— TASK DIRECTIONS —
Could you give back exactly the lines below from the one with "It's A 10 Haircare" through the one with "off white fedora hat with black band", without a single picture?

MATERIAL FOR THIS TASK Block Start

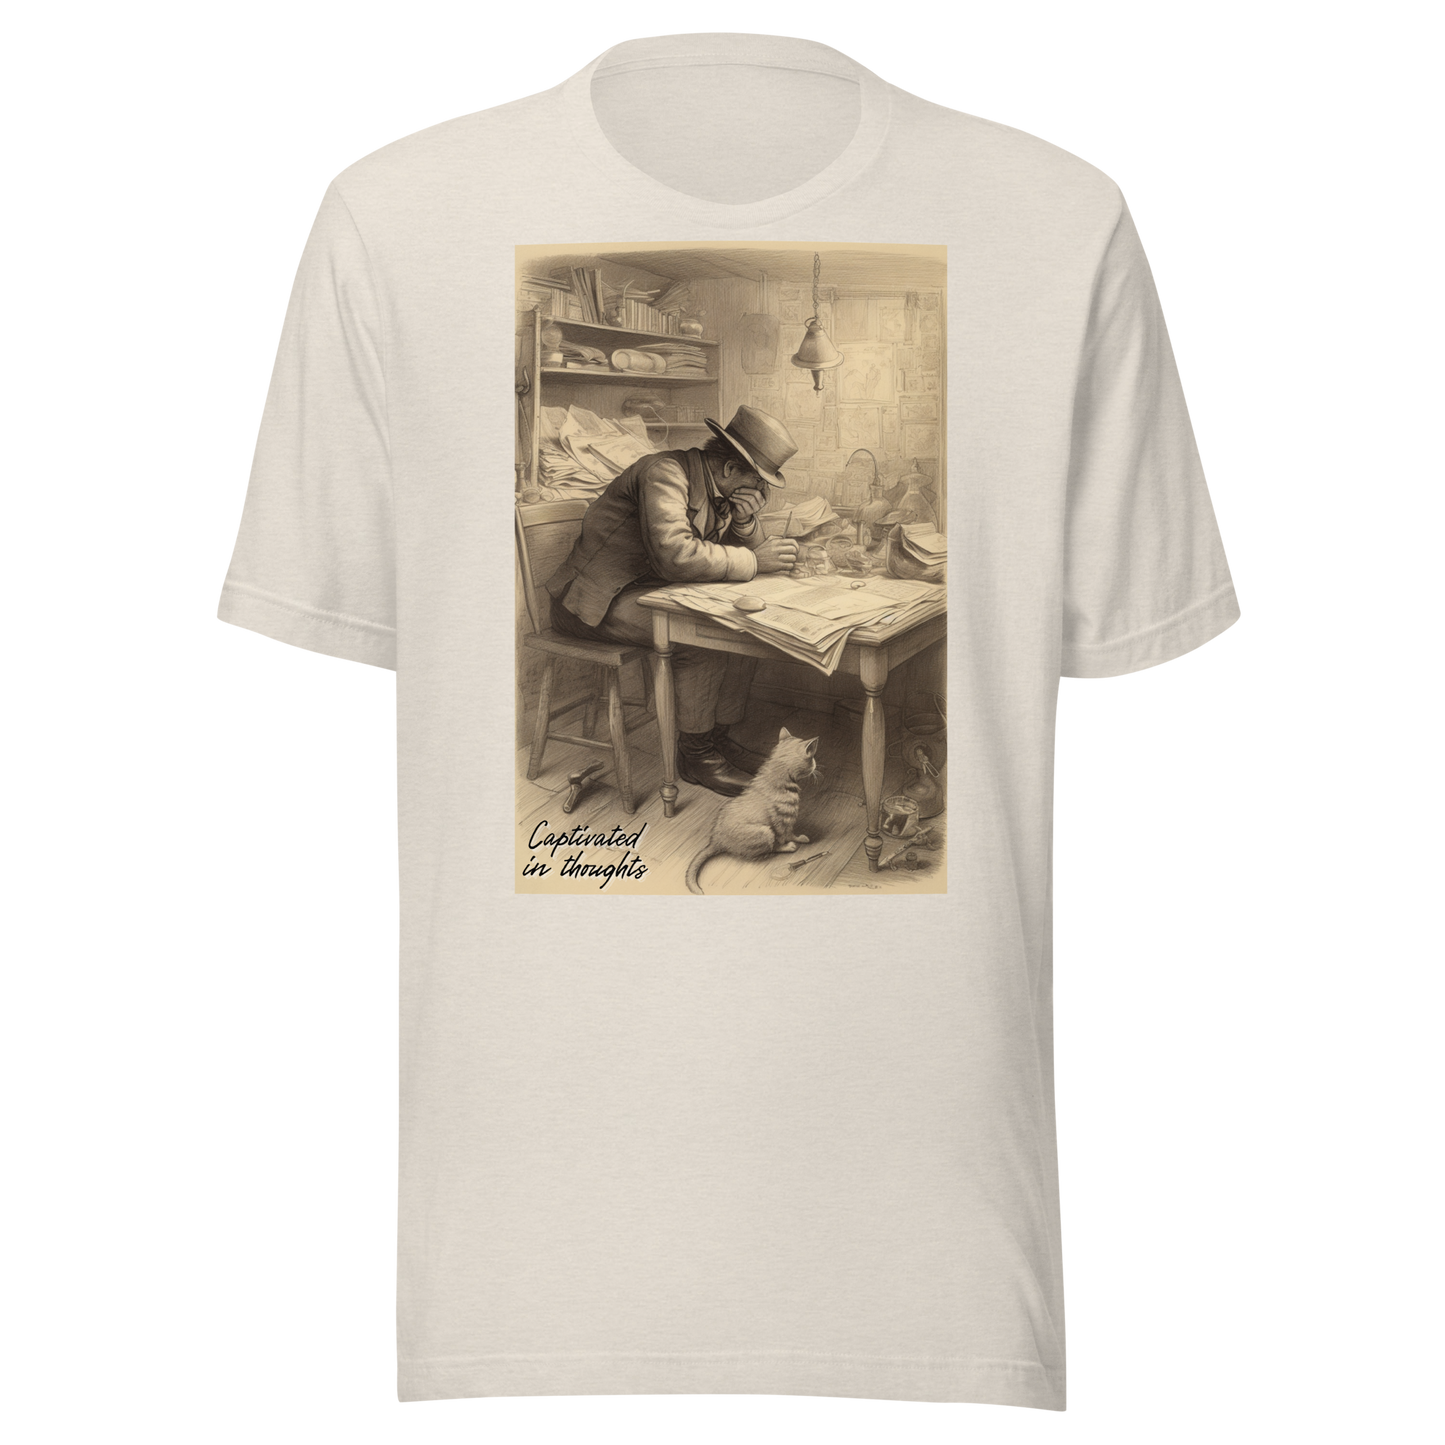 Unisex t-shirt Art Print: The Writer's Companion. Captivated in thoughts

MATERIAL FOR THIS TASK Block End
MATERIAL FOR THIS TASK Block Start

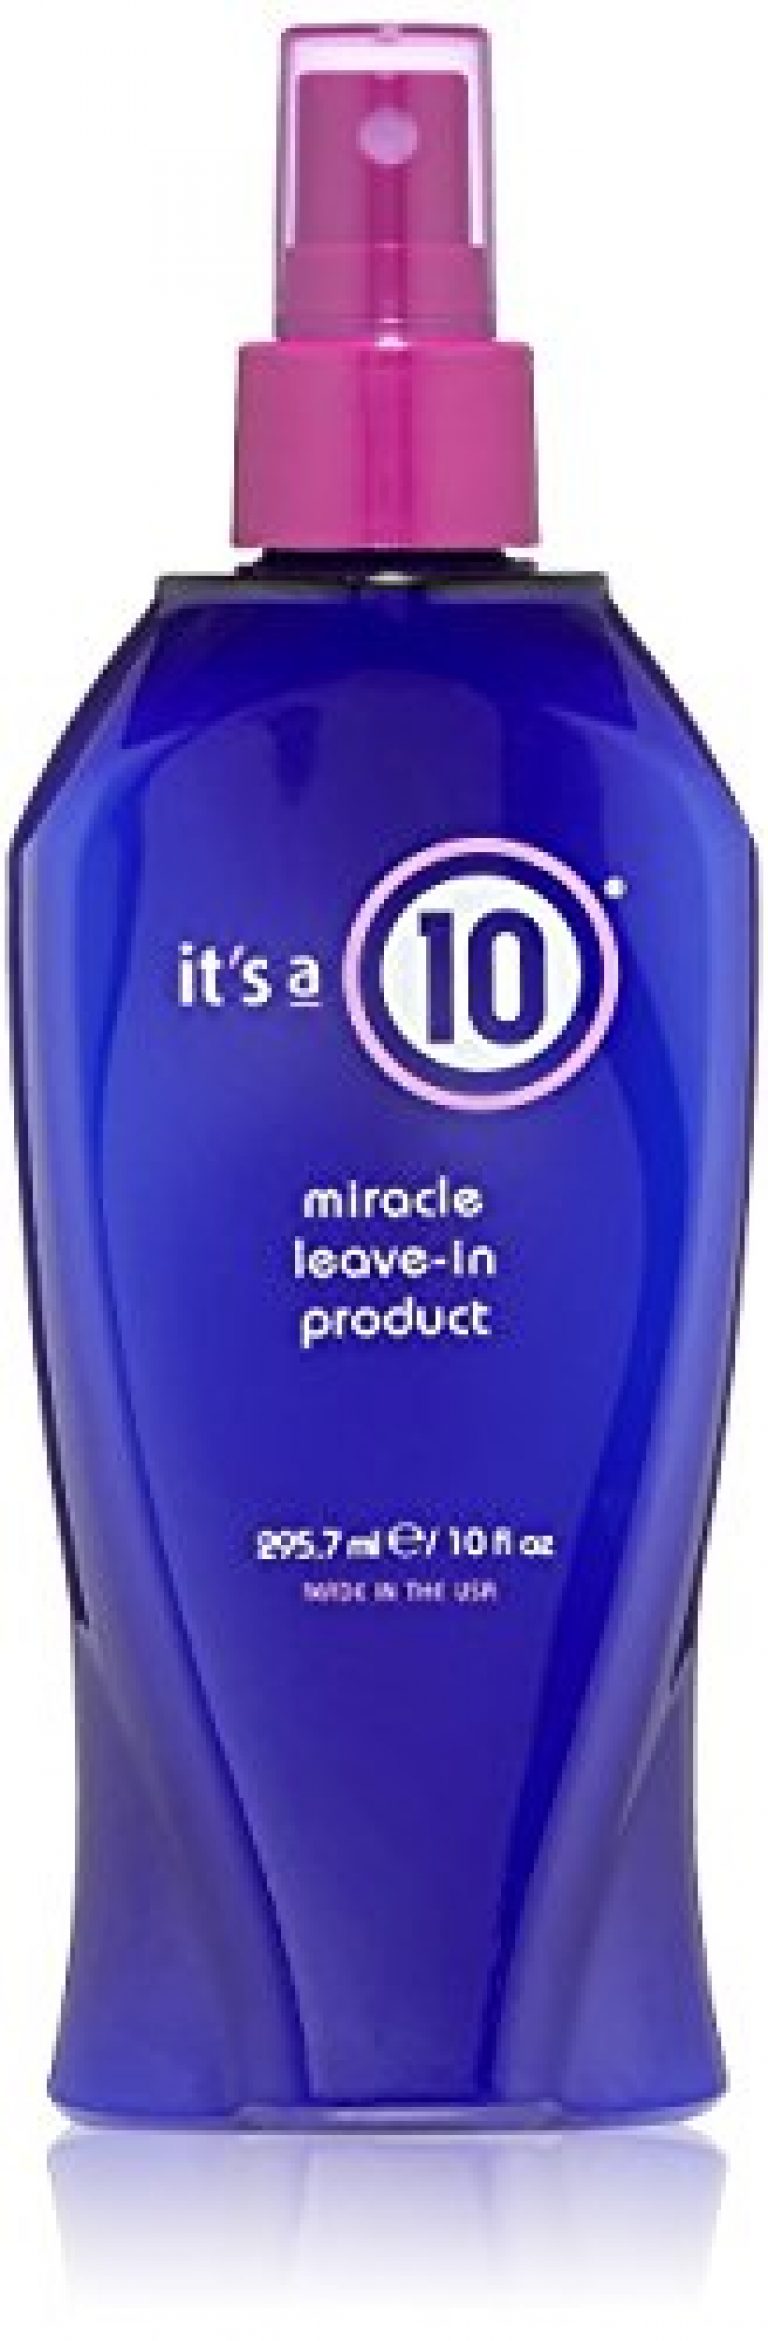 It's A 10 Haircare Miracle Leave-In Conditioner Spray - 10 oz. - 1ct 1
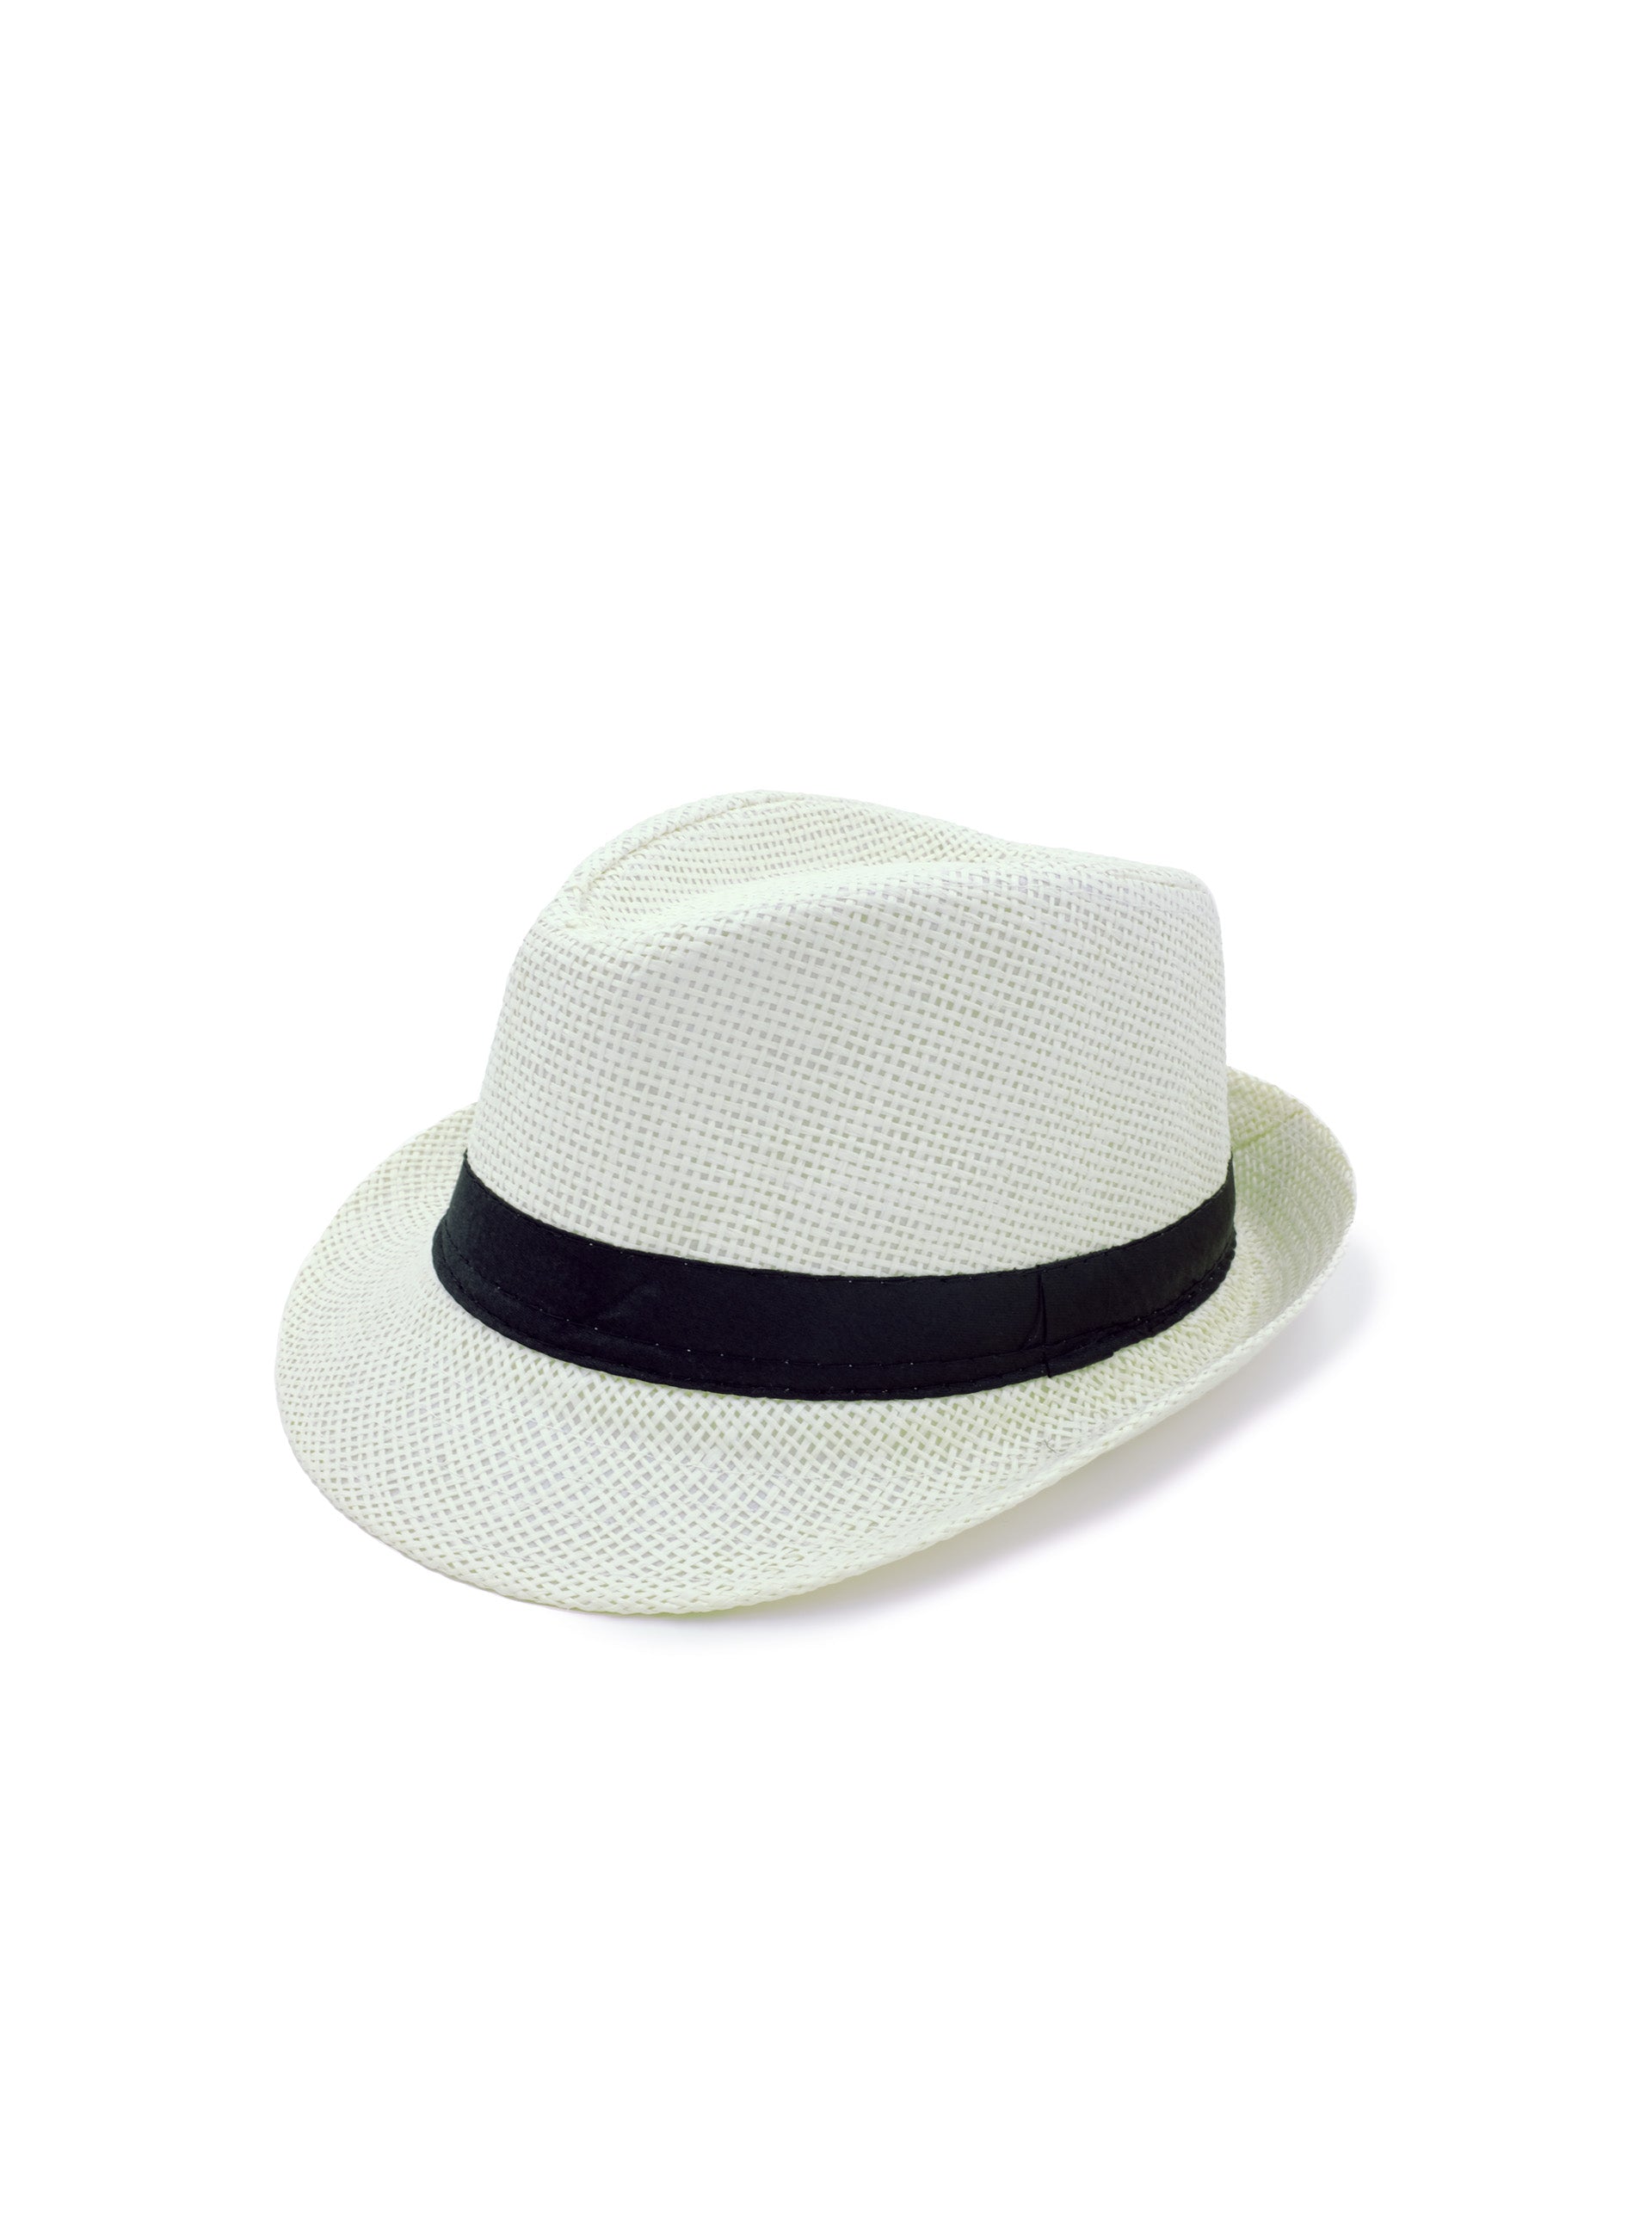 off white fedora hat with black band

MATERIAL FOR THIS TASK Block End

— ANSWER BOX —
 It's A 10 Haircare Miracle Leave-In Conditioner Spray - 10 oz. - 1ct 1
 off white fedora hat with black band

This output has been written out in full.